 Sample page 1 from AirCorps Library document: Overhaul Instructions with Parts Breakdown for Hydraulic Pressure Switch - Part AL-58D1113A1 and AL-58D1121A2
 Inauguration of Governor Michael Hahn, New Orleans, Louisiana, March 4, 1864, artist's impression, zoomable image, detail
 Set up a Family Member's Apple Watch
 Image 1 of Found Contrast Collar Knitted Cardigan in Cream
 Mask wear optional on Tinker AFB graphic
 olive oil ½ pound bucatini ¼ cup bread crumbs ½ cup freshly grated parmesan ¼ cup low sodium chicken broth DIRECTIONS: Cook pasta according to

________

Keeping every word in place, restate the entries above.

** RESULT BELOW **
 Sample page 1 from AirCorps Library document: Overhaul Instructions with Parts Breakdown for Hydraulic Pressure Switch - Part AL-58D1113A1 and AL-58D1121A2
 Inauguration of Governor Michael Hahn, New Orleans, Louisiana, March 4, 1864, artist's impression, zoomable image, detail
 Set up a Family Member's Apple Watch
 Image 1 of Found Contrast Collar Knitted Cardigan in Cream
 Mask wear optional on Tinker AFB graphic
 olive oil ½ pound bucatini ¼ cup bread crumbs ½ cup freshly grated parmesan ¼ cup low sodium chicken broth DIRECTIONS: Cook pasta according to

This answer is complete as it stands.